I want to know if my understanding of dynamic equation associated with the High Speed Shaft Brake is correct or not.
I think when the brake is applied, HSS governing equation is:
HSShftTq - T_gen - HSSBrakeTq = ( J_gen + J_brakedisk ) * alpha * GBratio
“J_gen” = generator inertia relative to the HSS
“J_brakedisk” = Brake disk inertia relative to the HSS
“alpha” = the LSS rotational acceleration
“T_Gen” = generator torque applied to the HSS
But still I don’t know how FAST calculates the braking energy required to stop the WT. In other words I’d like to know the equations that FAST uses to decide on the time that the WT comes to stop. In fact regarding FAST calculations, how long does it take for the HSSbrake to stop the WT?
Yes, your equation for the HSS dynamics in FAST is correct.
How long it takes for the generator to be stopped by the brake depends on the nature of the brake and aerodynamic torques. (The aerodynamic torque is transferred through HSShftTq in your equation.) The generator will decelerate until both the generator acceleration and generator speed are zero. Page 4 of the following paper explains in a bit more detail how the HSS brake model in FAST is implemented: nrel.gov/docs/fy04osti/35077.pdf.
First I have to thank you for your valuable response.
As you have mentioned in your comment, aerodynamic torque is transmitted to the HSS through HSShftTq. So if one wants to calculate the braking energy using FAST outputs, he can use the following equation. (In the following equation, by “Int” I mean Integral)
Where “HSShftPwr”= HSS power
“J_Gen”=generator moment of inertia with respect to HSS
“J_Brk”=brake disk moment of inertia with respect to HSS
“HSShftV0”=HSS angular speed when the brake is applied
“HSSBrTq”=HSS brake torque
“HSShftV”=Instantaneous HSS angular velocity
Is it right?
In fact above equation states that the braking power is equal to HSS power (which accounts for the aerodynamic effect) plus the kinetic energy of the HSS rotating parts (which is Generator and Brake disk and probably HSS part of Gearbox which has not been accounted for in the above equation).

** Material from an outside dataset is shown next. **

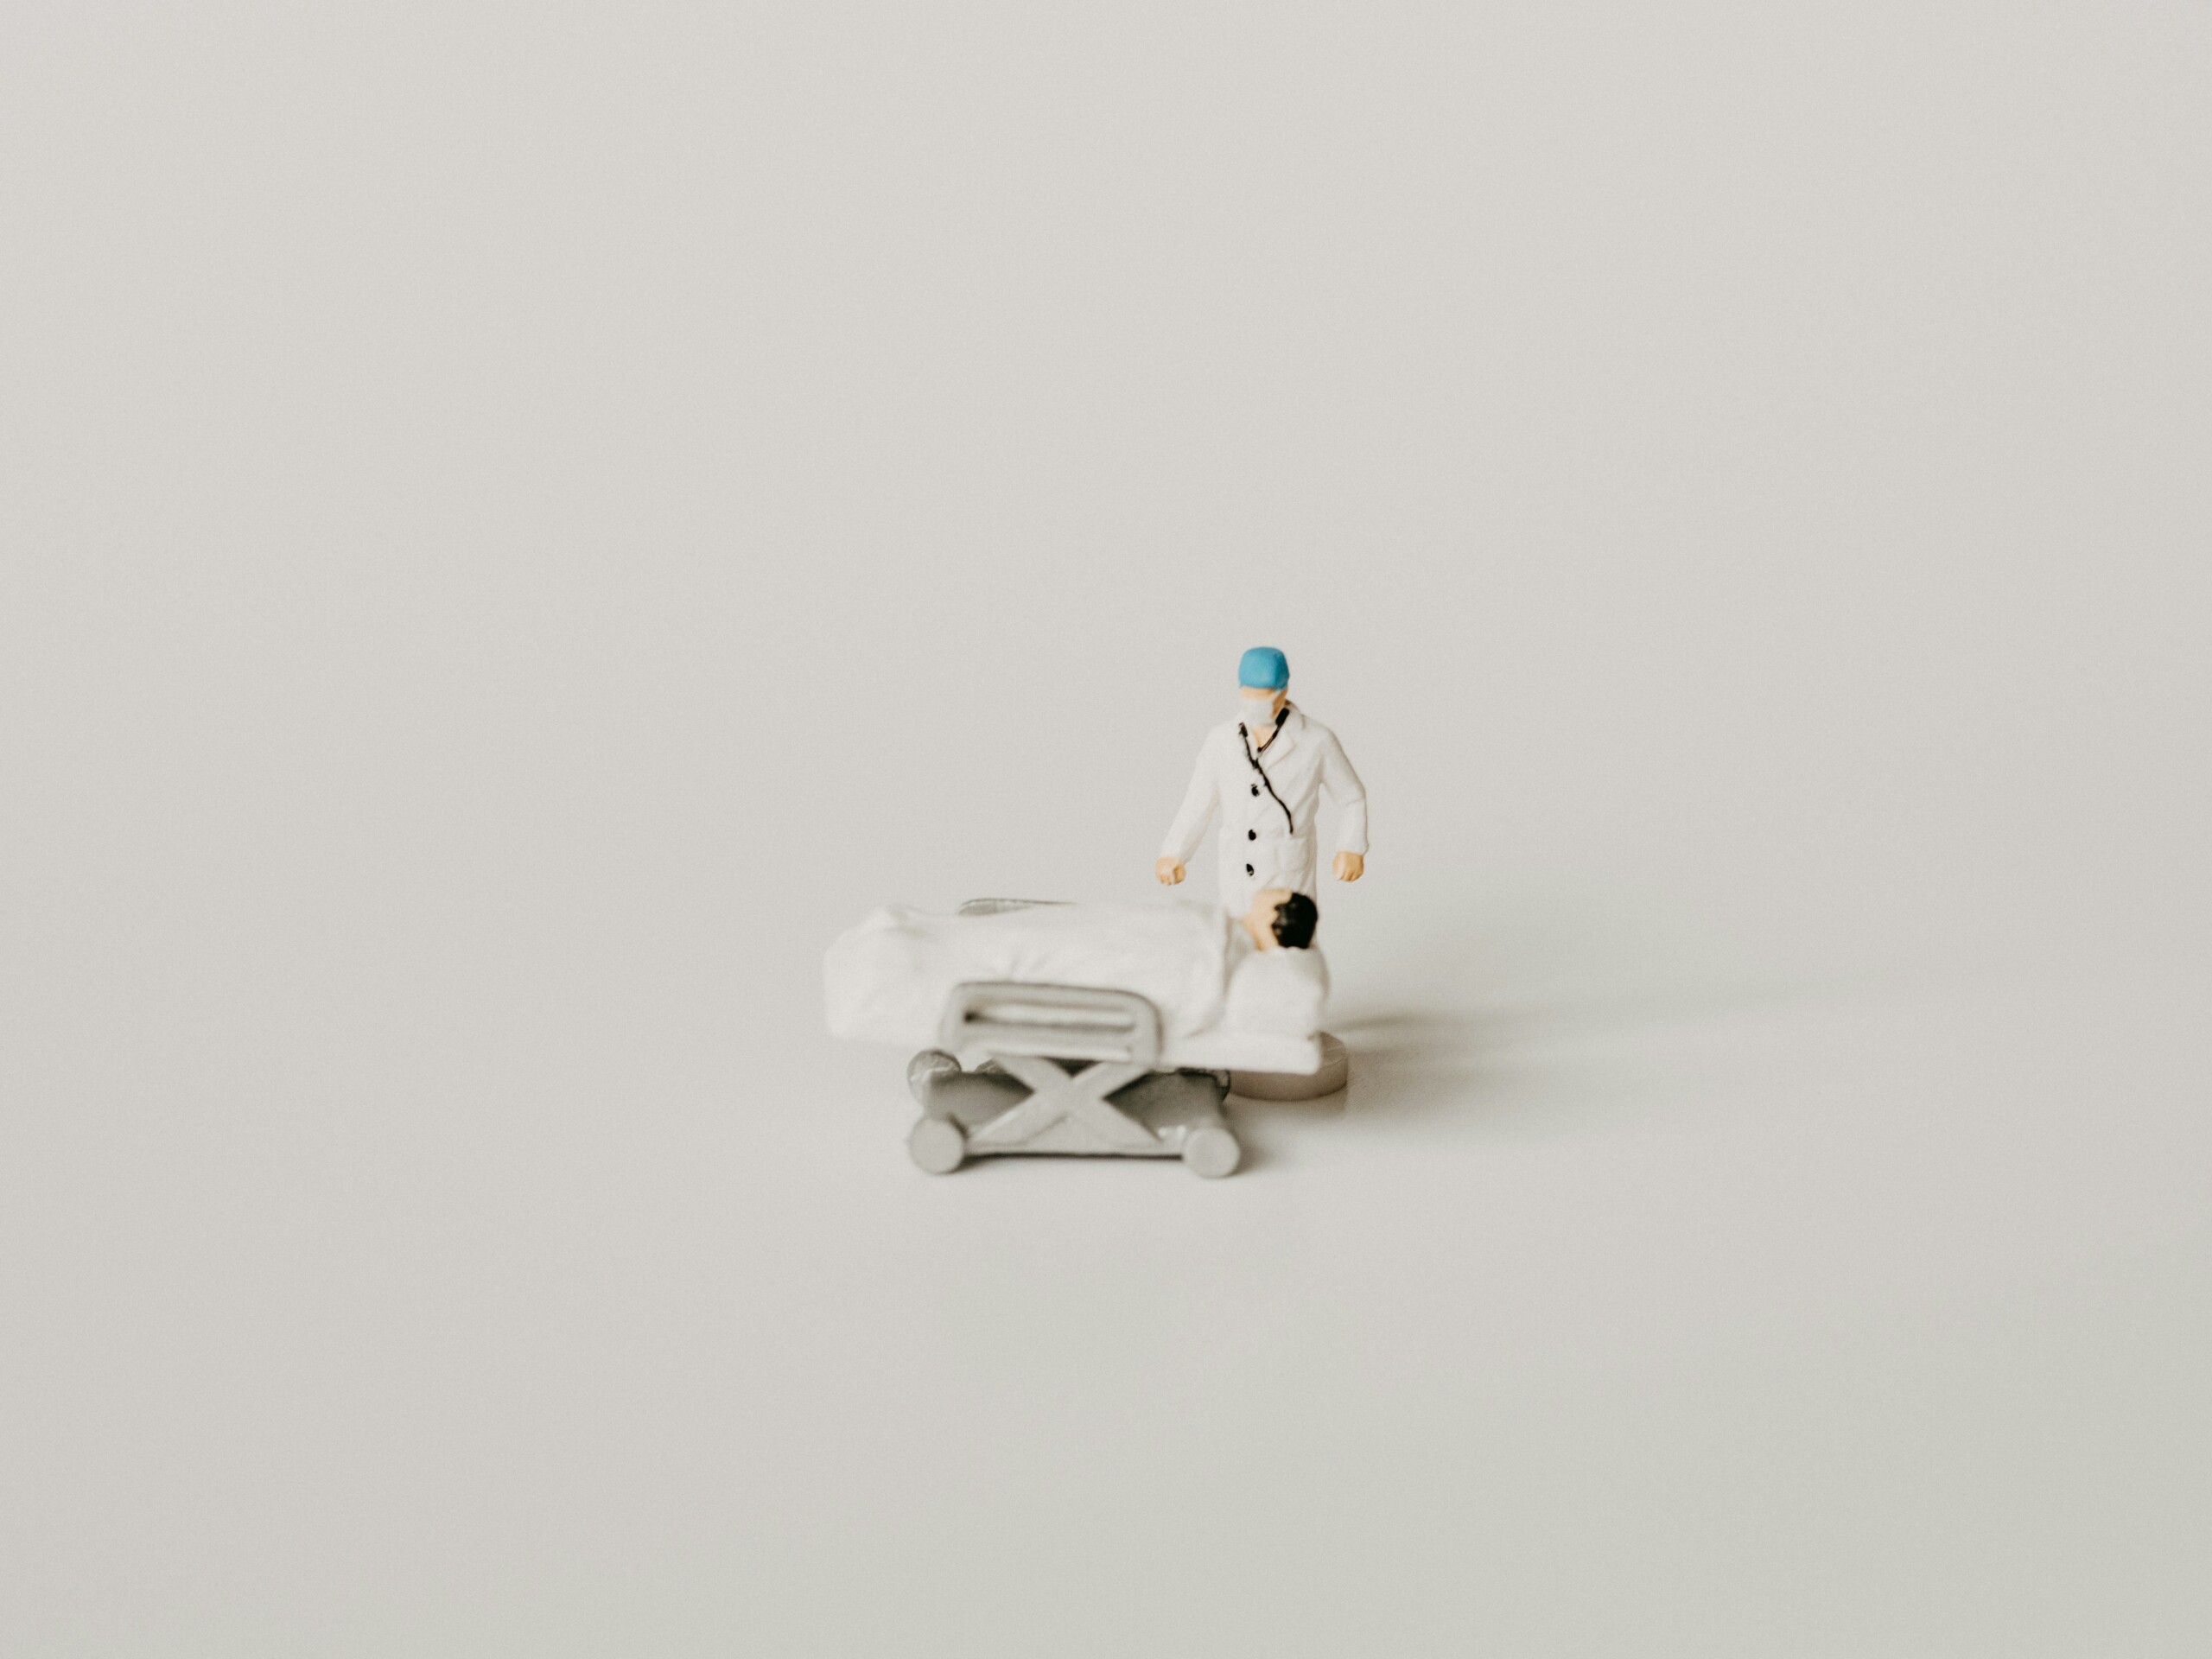 a model of a miniature doctor and patient on a gurney
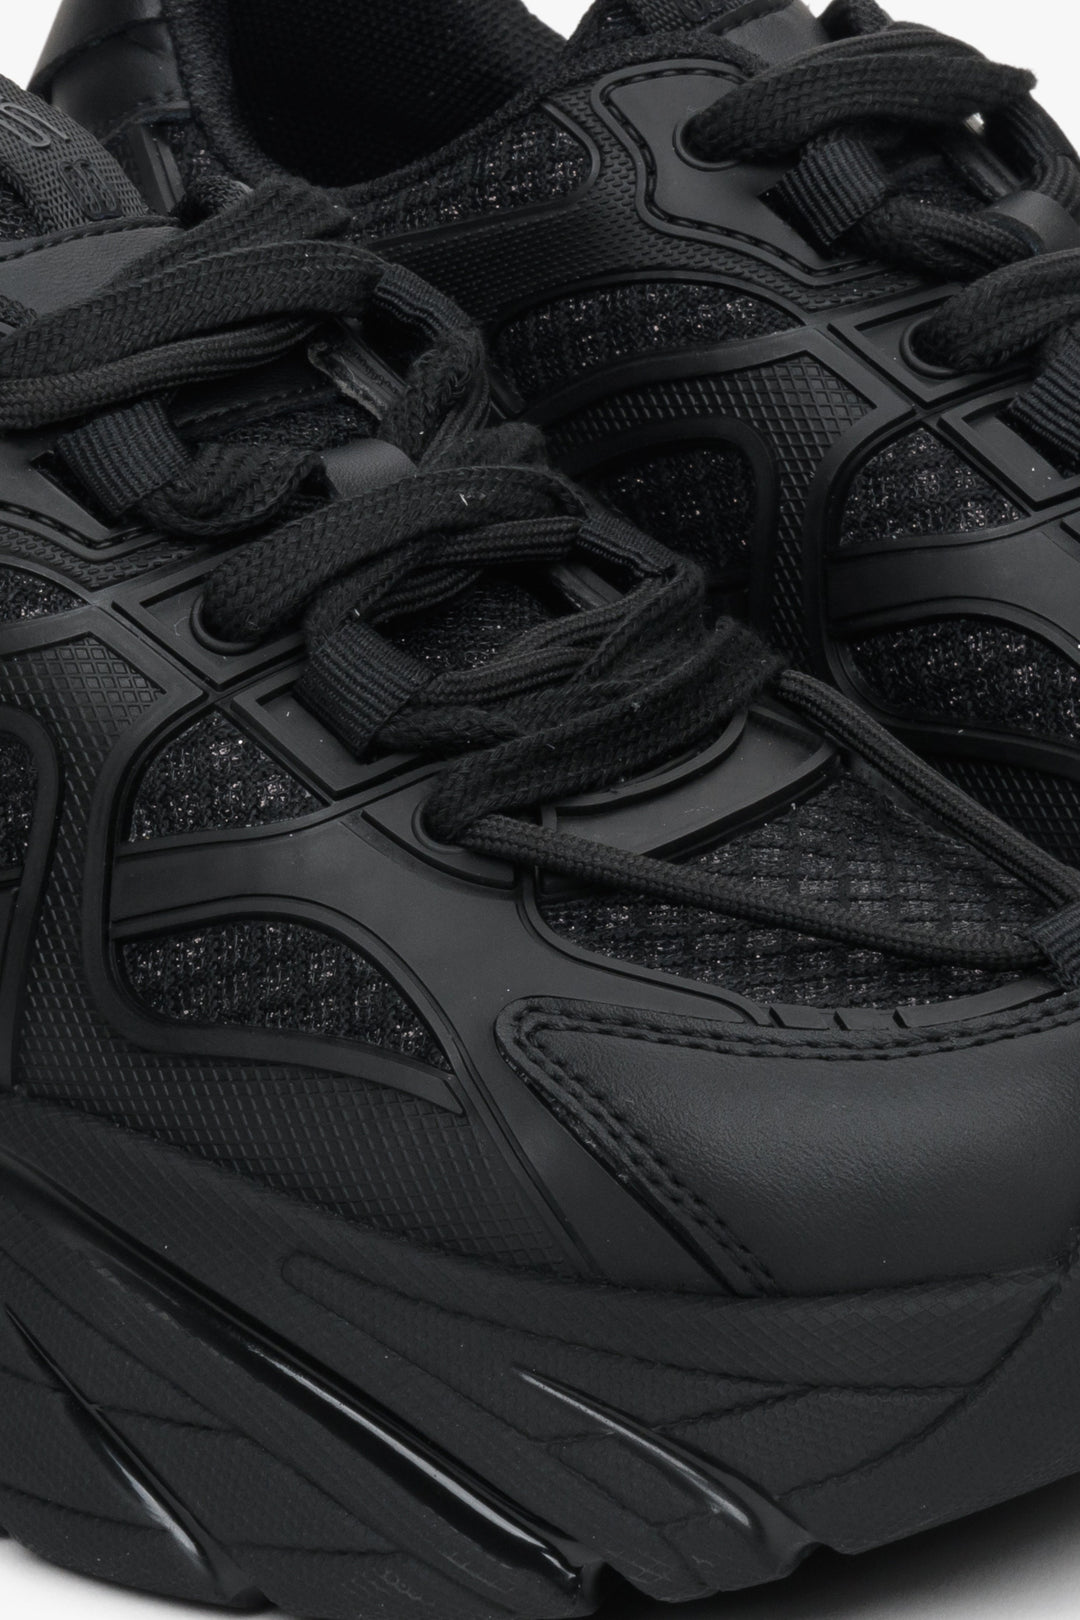 Women's black sneakers ES 8 - close-up of the details.

Does FAST use such method as I mentioned above to calculate the braking torque necessary to bring the shaft speed to zero?(“FAST now calculates the braking torque necessary to bring the shaft speed to zero at each time increment. The value of this braking torque is used as long as it does not exceed the limits of the brake. This technique ensures that the brake locks the shaft during a shutdown maneuver, bringing about realistic dynamic loads and “ringing” behavior.” you stated in your paper)
What if one wants to calculate the required braking torque or energy, directly from aerodynamic torque exerted to the WT? I think in this case the following equation can be used:
Int[(AeroTqLSShftV-GetPwr)dt]+total kinetic energy with respect to the HSS=Braking energy
Where “total K.E. with respect to HSS”=0.5J_totalHSShftV0^2,
" J_total"=Moment of inertia of all rotating parts with respect to the HSS
Am I right?
I’m looking forward to your comments
Your equations for braking energy seem reasonable except that the GenPwr in FAST is an electical power (including mechanical-to-electrical conversion efficiency losses) and the equations you use assume mechanical power. However, I would guess that the brake is only every applied when the generator is offline, meaning that GenPwr likely equals zero in these equations.
That said, FAST does not use these equations or attempt to calculate the braking energy. Instead, the maximum brake torque in FAST is simply a user-specified value. The drivetrain will slow down and stop as long as external torques do not exceed this specified braking torque.
As you know, in variable speed pitch-regulated wind turbines, the pitch system (beside the mechanical brake) plays an important role in bringing the WT to stop. Is it possible to determine the amount of energy that is dissipated (during a braking operation involving both the mechanical brake and the pitch system resistance simultaneously) by means of the pitch system? In other words is it possible to determine the amount of resisting torque of pitch system in a braking process?
(In fact I want to separately specify the share of mechanical brake and the pitch system in bringing the WT to stop using FAST outputs)
Without modification, FAST does not directly output the shaft torque resulting from pitch-control actions. However, you should be able to derive the contribution of the pitch system by subtracting the energy extracted from the mechanical brake (as you proposed above) from the total change in kinetic energy of the rotor during the braking event.